Data to use:
▼▼▼
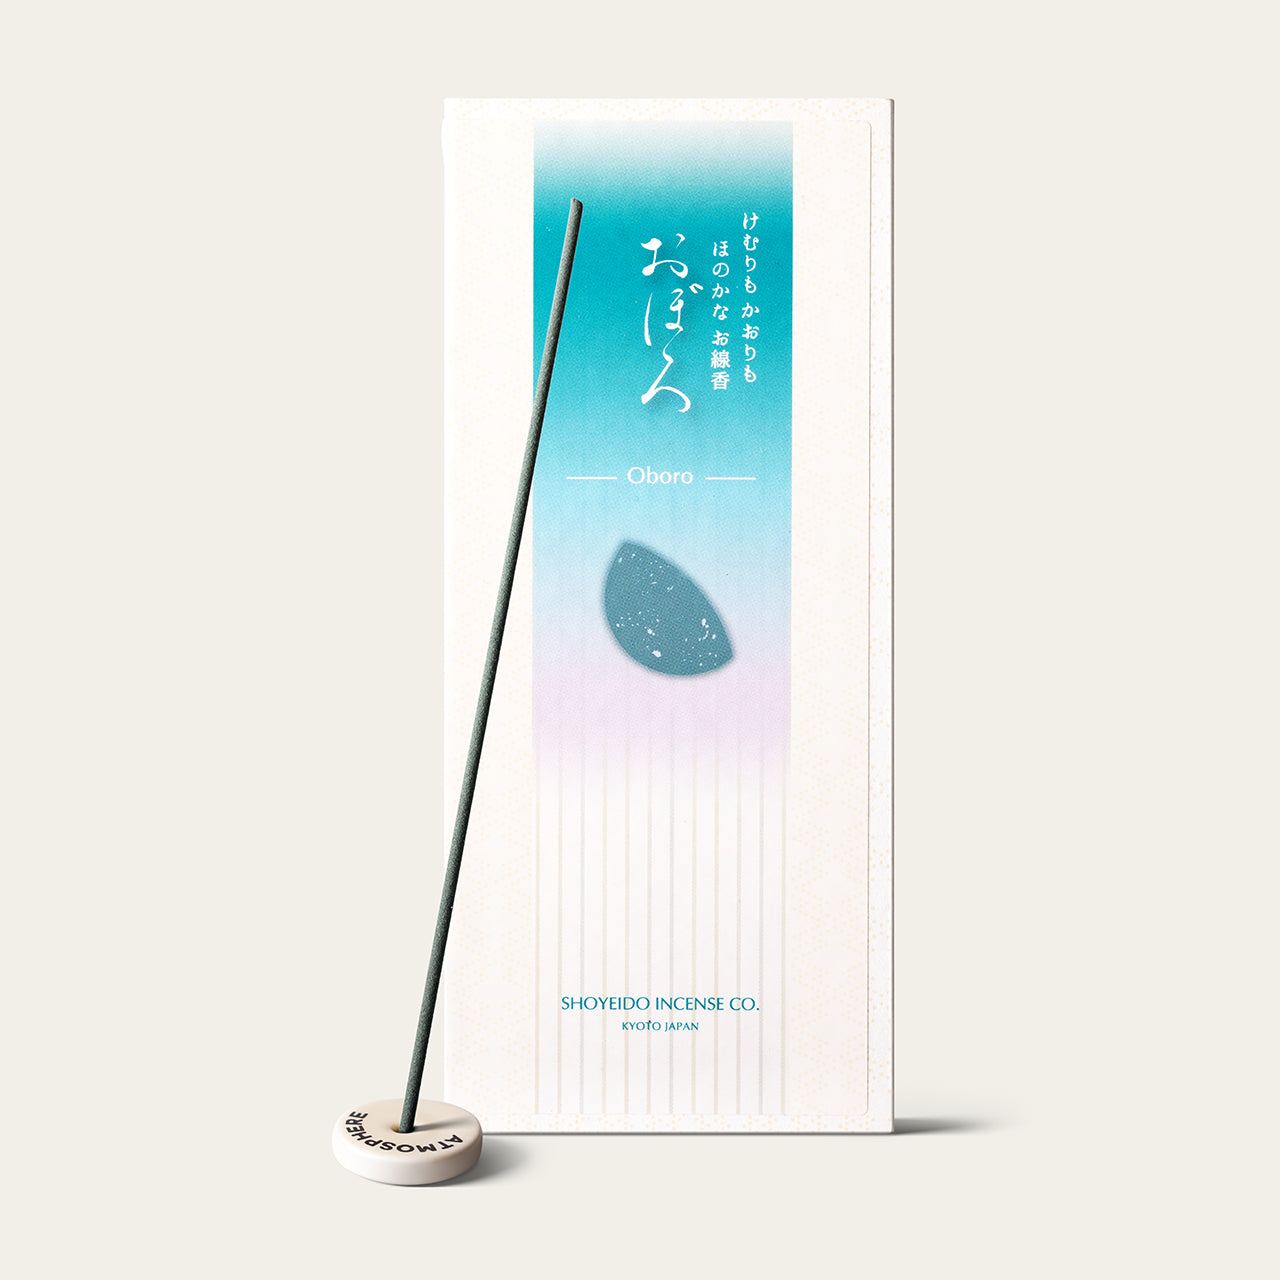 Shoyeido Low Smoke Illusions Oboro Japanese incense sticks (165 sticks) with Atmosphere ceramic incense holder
▲▲▲
▼▼▼
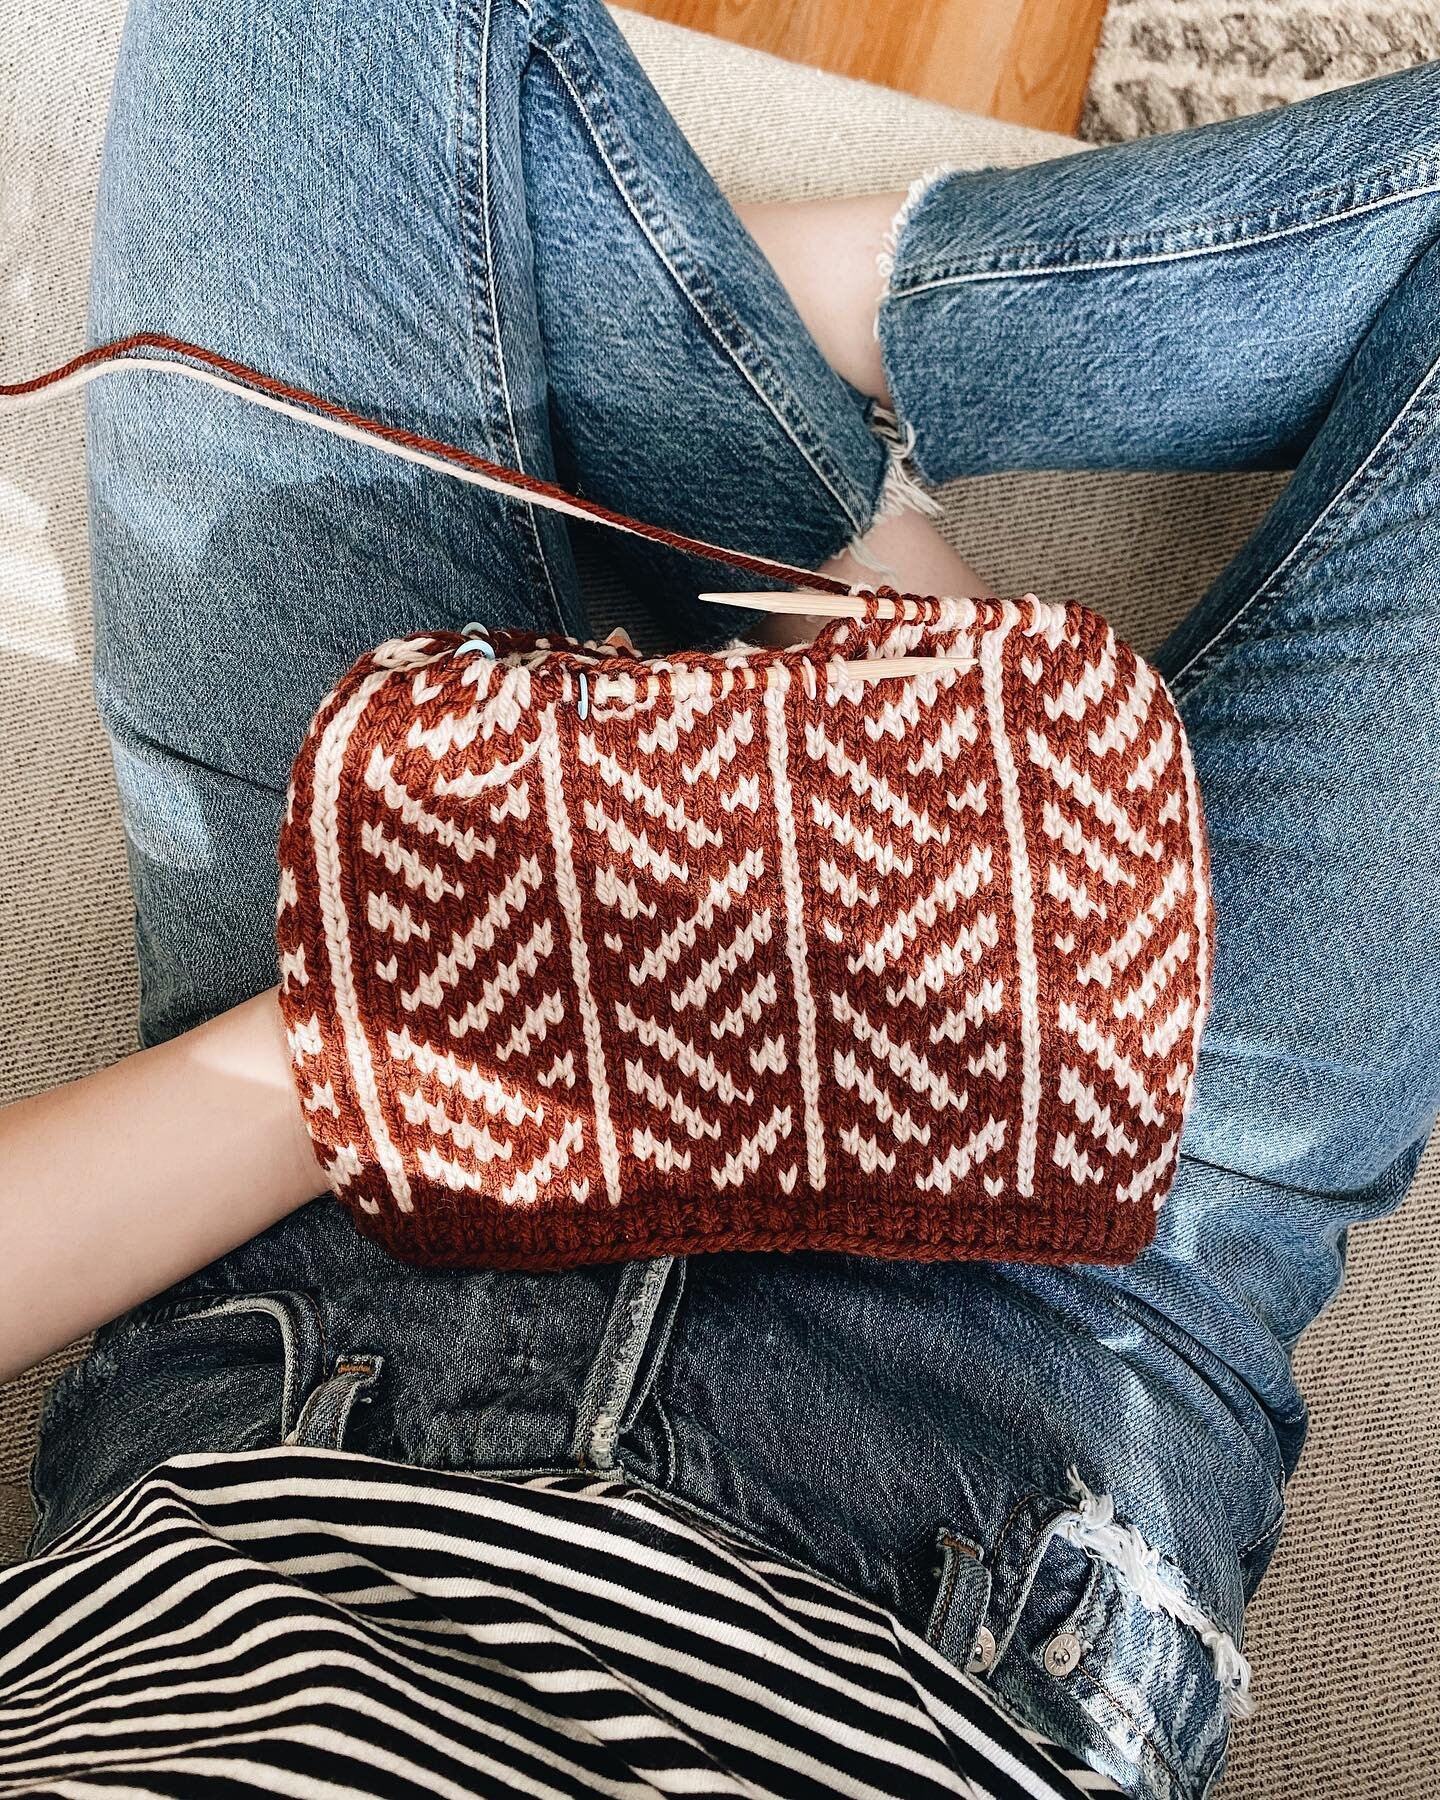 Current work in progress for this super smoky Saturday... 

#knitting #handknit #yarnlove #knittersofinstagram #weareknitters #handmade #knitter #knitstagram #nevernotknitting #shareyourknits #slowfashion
▲▲▲
Work instructions: Copy exactly the part of the material above that opens with the line containing "Current work in" and closes with the line containing "#knitting #handknit #yarnlove", ends included. Drop the images.

Solution to this task:
 Current work in progress for this super smoky Saturday... 

#knitting #handknit #yarnlove #knittersofinstagram #weareknitters #handmade #knitter #knitstagram #nevernotknitting #shareyourknits #slowfashion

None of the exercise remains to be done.